Auf die Knie, fertig, los

■ Regierungskrise vertagt: Rot-Grau an Kompromiß vorbeigeschlittert, denn Voscherau kämpft weiter allein gegen alle und alles Von Silke Mertins

Bürgermeister Henning Voscherau blieb bockig. Fünf Stunden lang wurden gestern im Kooperationsausschuß die Argumente wiedergekäut. Dann beschlossen die Delegationen von SPD, Statt Partei und Senat, die Regierungskrise zu vertagen. Bis Freitag nächster Woche sollen Bezirks- und Stadtentwicklungs-Senator Thomas Mirow (SPD) und Justizsenator Wolfgang Hoffmann-Riem (parteilos) einen Kompromiß mit dem Namen „Formulierungsvorschlag“ ausarbeiten und Seiner Majestät Henning Voscherau vorlegen.

Der kann dann auf dem SPD-Landesparteitag tags darauf einer widerspenstigen Gefolgschaft kundtun, was für ihn schon jetzt feststeht: Um die Stadt vor dem sicheren Untergang zu bewahren, muß er den Kompromiß zur Bezirksverwaltungsreform, die er dereinst selbst wollte, leider ablehnen.

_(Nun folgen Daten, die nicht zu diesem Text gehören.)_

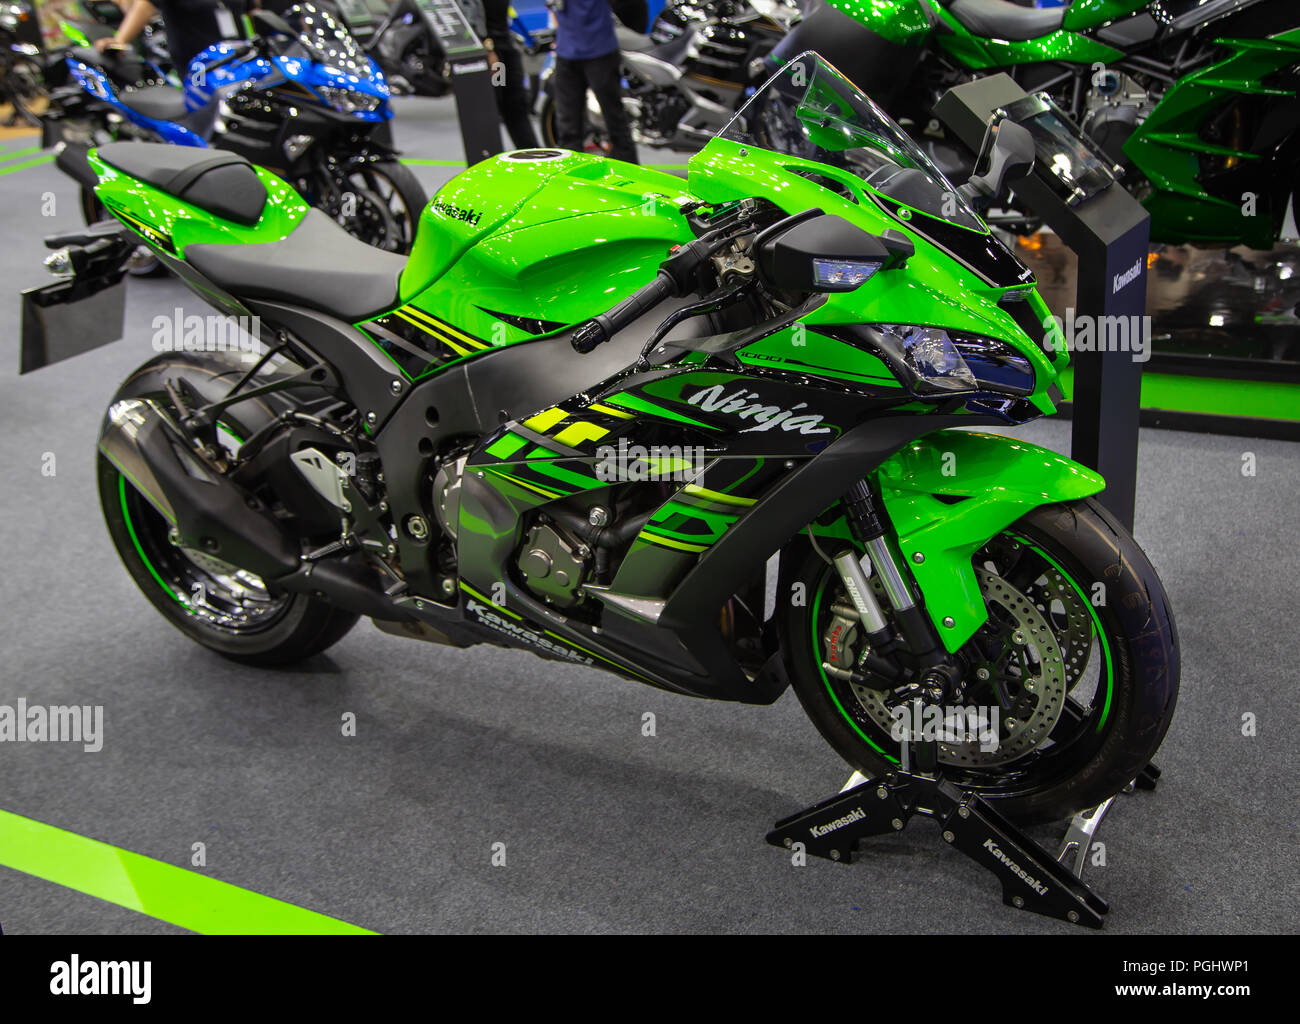 Bangkok Thailand 22 August 2018 Kawasaki Ninja 1000 Superbike

Gestern drückte sich Voscherau erst einmal vor der Öffentlichkeit und schickte SPD-Parteichef Jörg Kuhbier als Optimismus-Beauftragten vor: „Es gibt eine Reihe von Annäherungsmöglichkeiten, auch wenn das Problem noch nicht abschließend gelöst ist.“ Die nicht minder rosig in die Kooperationszukunft blickende SPD-Fraktionsvorsitzende Elisabeth Kiausch will ebenfalls „atmosphärische Lockerungen, die hoffnungsfroh stimmen“, bemerkt haben.

Das sah der Gruppenchef der Statt Partei, Achim Reichert, entschieden anders. Es seien „ausgesprochen schwierige Verhandlungen“ gewesen, in denen sich Voscherau keinen Millimeter bewegt hätte. „Der Bürgermeister hat keinen Hehl daraus gemacht, daß er weiterhin erhebliche Zweifel an der Bezirksverwaltungsreform hat.“ Ob Voscherau dem Kompromiß, den seine Senatoren ausarbeiten sollen, zustimmen wird, sei „völlig offen“. Mehr als ein äußerst „zartes Pflänzchen Hoffnung“ sieht Reichert nicht, und ein rot-grauer Bruch sei „auf keinen Fall vom Tisch“.

Das Prinzip aufzugeben, eine Bezirksverwaltungsreform zu wollen, sei für die Statt Partei „indiskutabel“. Seine Partei sei „gegen jede Aushöhlung“ der Reformpläne. Die Marschrichtung laute Dezentralisierung; eine zentral gesteuerte Planung und Verwaltung müsse die Ausnahme sein. Über die Definition der Ausnahme – also wann der Senat eingreifen kann – ließe man mit sich reden.

Die Sorge des Bürgermeisters, daß die Einzelinteressen der sieben Bezirke jede vernünftige Politik verhinderten, sei berechtigt, nahm Kuhbier den Regierungschef in Schutz. „Es kann nicht sein, daß Partikularismus die Stadt beherrscht.“ Globalsteuerung werde es weiterhin geben. Dezentralisierung, um Effizienz zu steigern, sei sinnvoll, aber „auf der anderen Seite muß die Einheitsgemeinde gewahrt bleiben“.

Zwar ist auch die Mehrheit der SPD und des Senats für eine Bezirksverwaltungsreform. Doch dem Bürgermeister wollen sie die Entscheidung nicht abnehmen. Ihn um der Sache Willen zu überstimmen, kommt laut Kuhbier nicht in Frage. Am 23. April wird sich der Senat erneut mit einer Entscheidung versuchen.